Luxoft поставила курс по Java в Одессе, вот http://www.luxoft-training.ru/training/catalog/course.html?ID=22489&ID_TIME=28371

----------


## Lord of rings

> Luxoft поставила курс по Java в Одессе, вот http://www.luxoft-training.ru/training/catalog/course.html?ID=22489&ID_TIME=28371


 6400 грн кажется

----------


## app1e

Может и дороговато, но говорят что курс стоящий того...

----------


## Lord of rings

> Может и дороговато, но говорят что курс стоящий того...


 5 дней.... скорее не курс, а тренинг

----------


## Fallout

6400 грн за 40 часов курсов на начальную общую тематику ?!??!!!!! Мдя неплохо поднимать бабло на жаждущих получать ЗП кодеров

----------


## Allann

ну учитывая будущую зп, то не так уж и много 

во всем можно разобраться и самому, но тренинг просто сэкономит вам время

----------


## Fallout

> ну учитывая будущую зп, то не так уж и много 
> 
> во всем можно разобраться и самому, но тренинг просто сэкономит вам время


 Прохождение этого курса никак не гарантирует что будет эта будущая ЗП. 

Да и не тренинг это, трениниг это когда на практике больше, а тут сжато выдадут теорию которую можно прочитать в книгах. Ответы на вопросы можно поспрашивать и на форумах. Обучение программированию это больше самостоятельный процесс, никакие курсы, а не индивидуальный наставник на крайняк, особо не помогут. Но ведь легче выложить деньги в надежде что ведь должны же эти средства хоть как то окупиться, чем просто сесть и начать писать код.

----------


## Lord of rings

> Прохождение этого курса никак не гарантирует что будет эта будущая ЗП. 
> 
> Да и не тренинг это, трениниг это когда на практике больше, а тут сжато выдадут теорию которую можно прочитать в книгах. Ответы на вопросы можно поспрашивать и на форумах. Обучение программированию это больше самостоятельный процесс, никакие курсы, а не индивидуальный наставник на крайняк, особо не помогут. Но ведь легче выложить деньги в надежде что ведь должны же эти средства хоть как то окупиться, чем просто сесть и начать писать код.

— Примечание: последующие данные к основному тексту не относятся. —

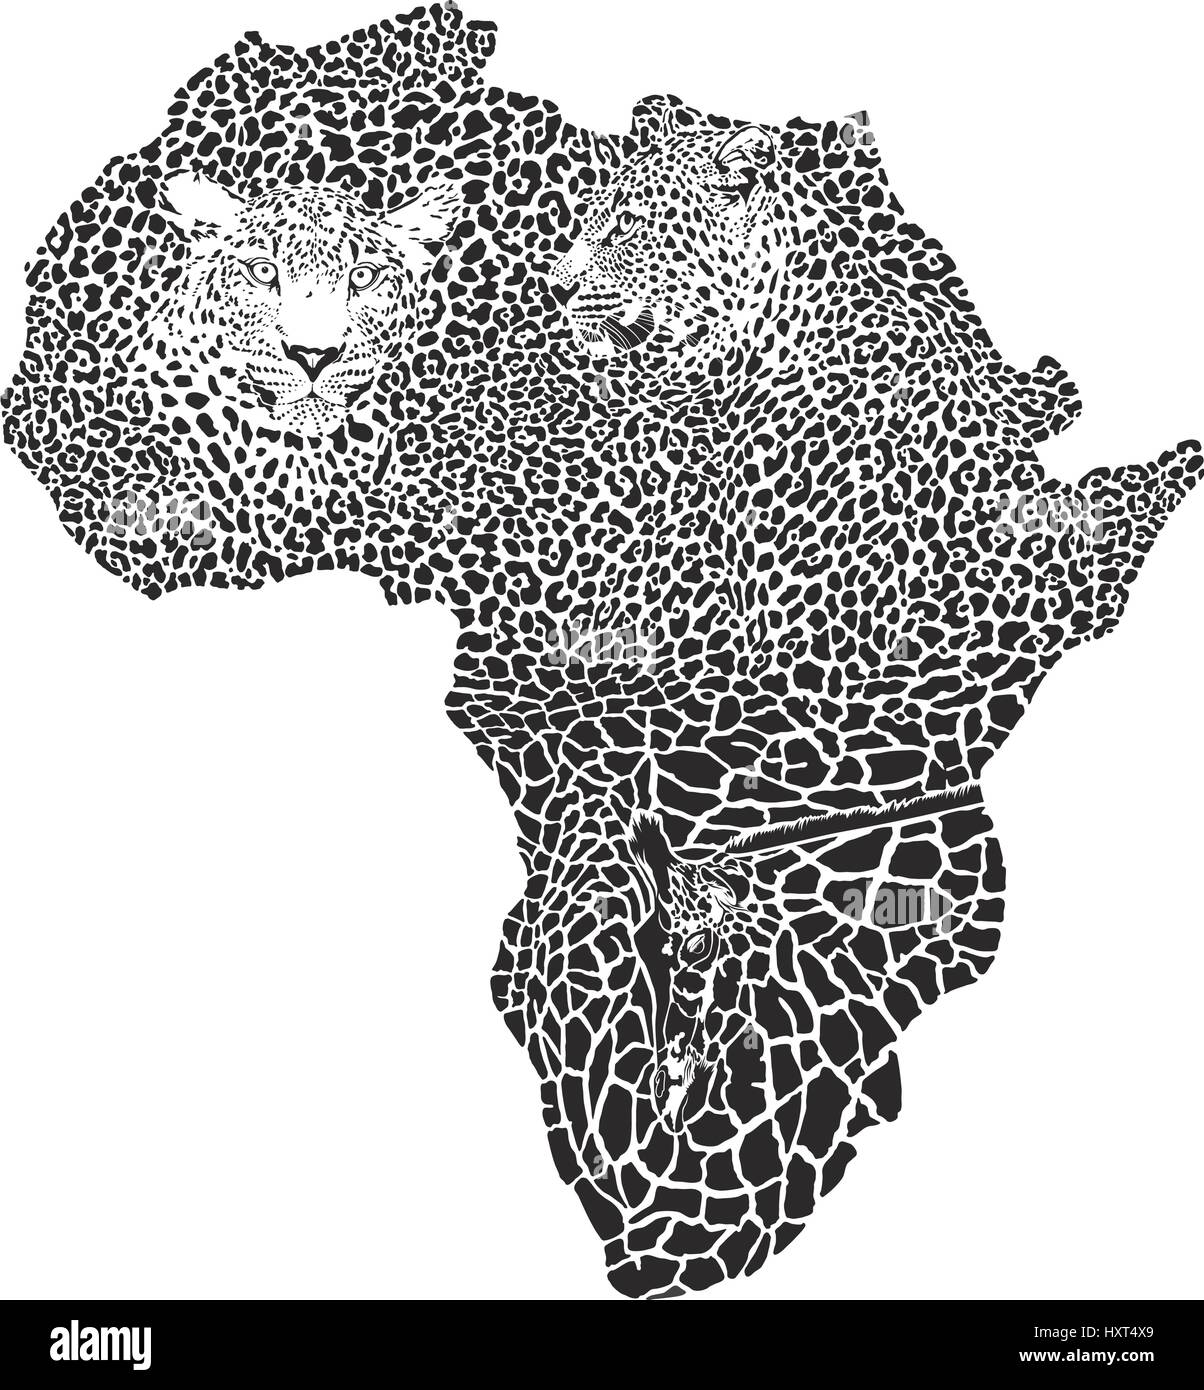 Leoparden auf der Afrika-Karte Stock Vektor

 Согласен. Я изучаю Джаву дома, список вопросов этого курса в принципе прошел.... могу уже для Андроида небольшие программки делать.... На работу всё равно никто не возьмет.

----------


## Sergeevich

Курсы нужны слабодисциплинированным людям (это касается не только программирования, но и английского и т.д.). Для них это нечто вроде снятия ответственности+ заставление себя учить. Оно, естественно проще... Однако, это ни в коем случае не может заменить задания. По своему опыту знаю, что 90% того что умею получил когда начала работать над разработкой конкретного приложения(пусть и учебного) в команде.

----------


## Lord of rings

Вот тут не согласен.... Английский как раз сам не выучишь без курсов или преподавателя, так как надо кого-то слушать и с кем-то говорить....

----------


## maxx™

> Вот тут не согласен.... Английский как раз сам не выучишь без курсов или преподавателя, так как надо кого-то слушать и с кем-то говорить....


  Говорить фигня, а слушать можно и кино.

----------


## Fallout

> Говорить фигня, а слушать можно и кино.

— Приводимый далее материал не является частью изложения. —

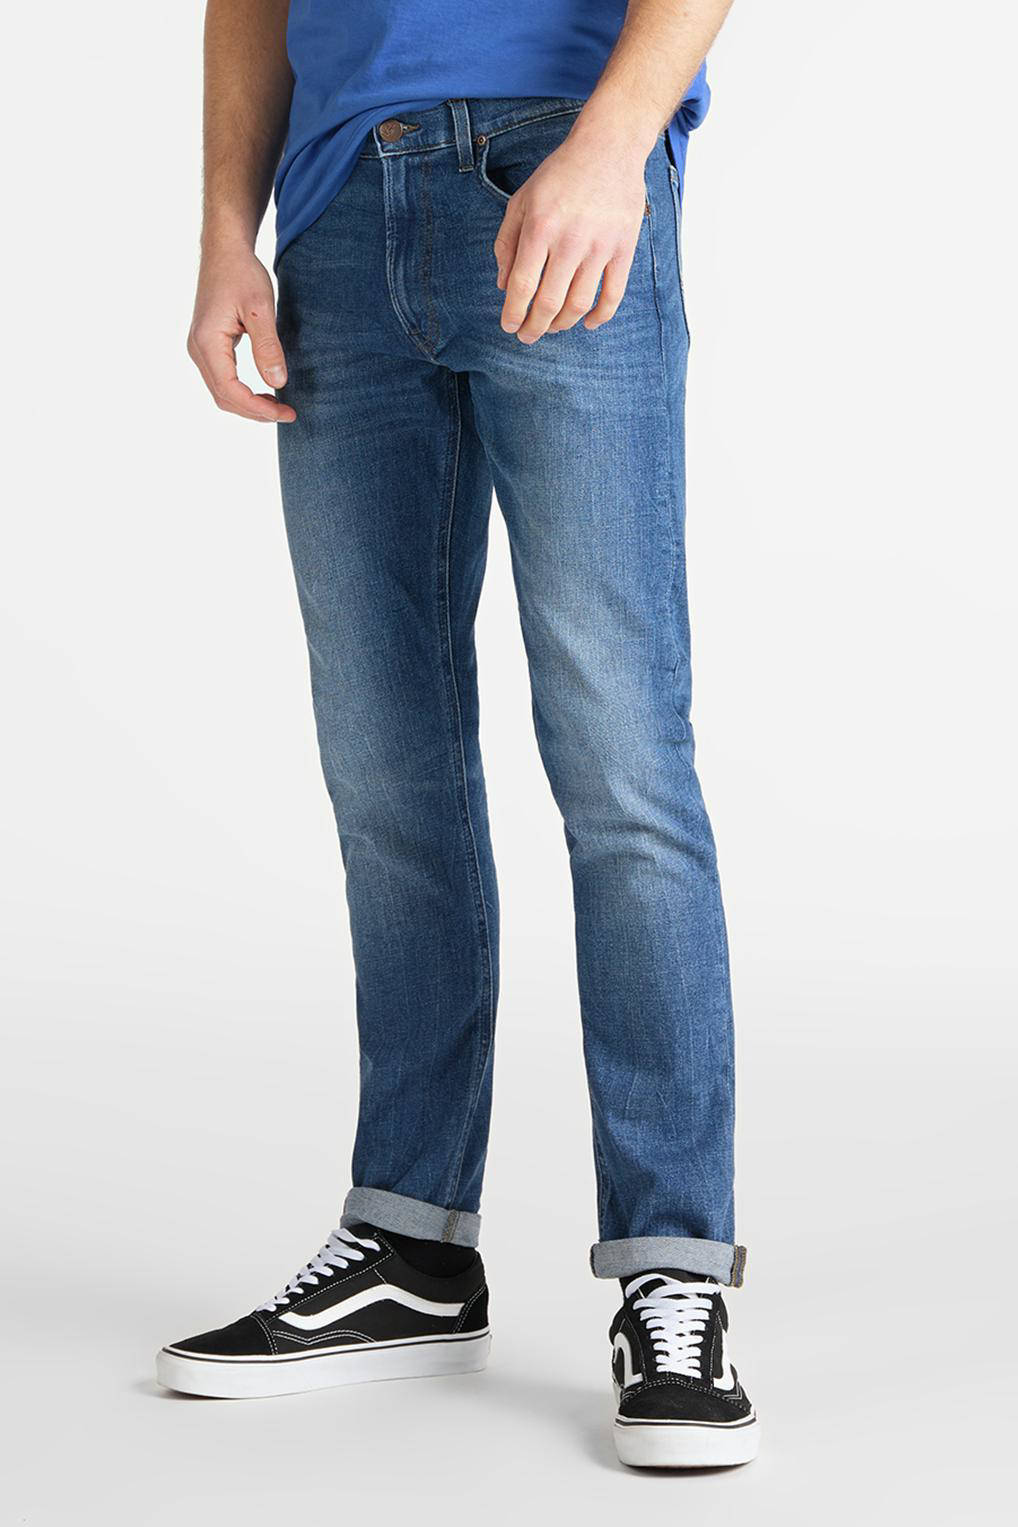 Lee Jeans Denim Nu 20% Korting ® Slim Fit Jeans Luke in het Zwart voor heren Heren Kleding voor voor Jeans voor Bootcut jeans

 и потом не понимать чего это тебя никто понять то не может :smileflag:

----------


## Lord of rings

в общем да.

а отличие курсов от тренингов заключается в том, что курсы как правило занимают длительное время, расчитаны на слушателей без базы, дают базу, тонкости и подробности..

тренинг же как правило рассчитан на слушателя с "базой", в тренинге дают основные аспекты нового направления из базы, ну и кое-какие подробности... а остальное человек домысливает сам в силу имеющихся знанний и опыта в ЭТОЙ специальности... 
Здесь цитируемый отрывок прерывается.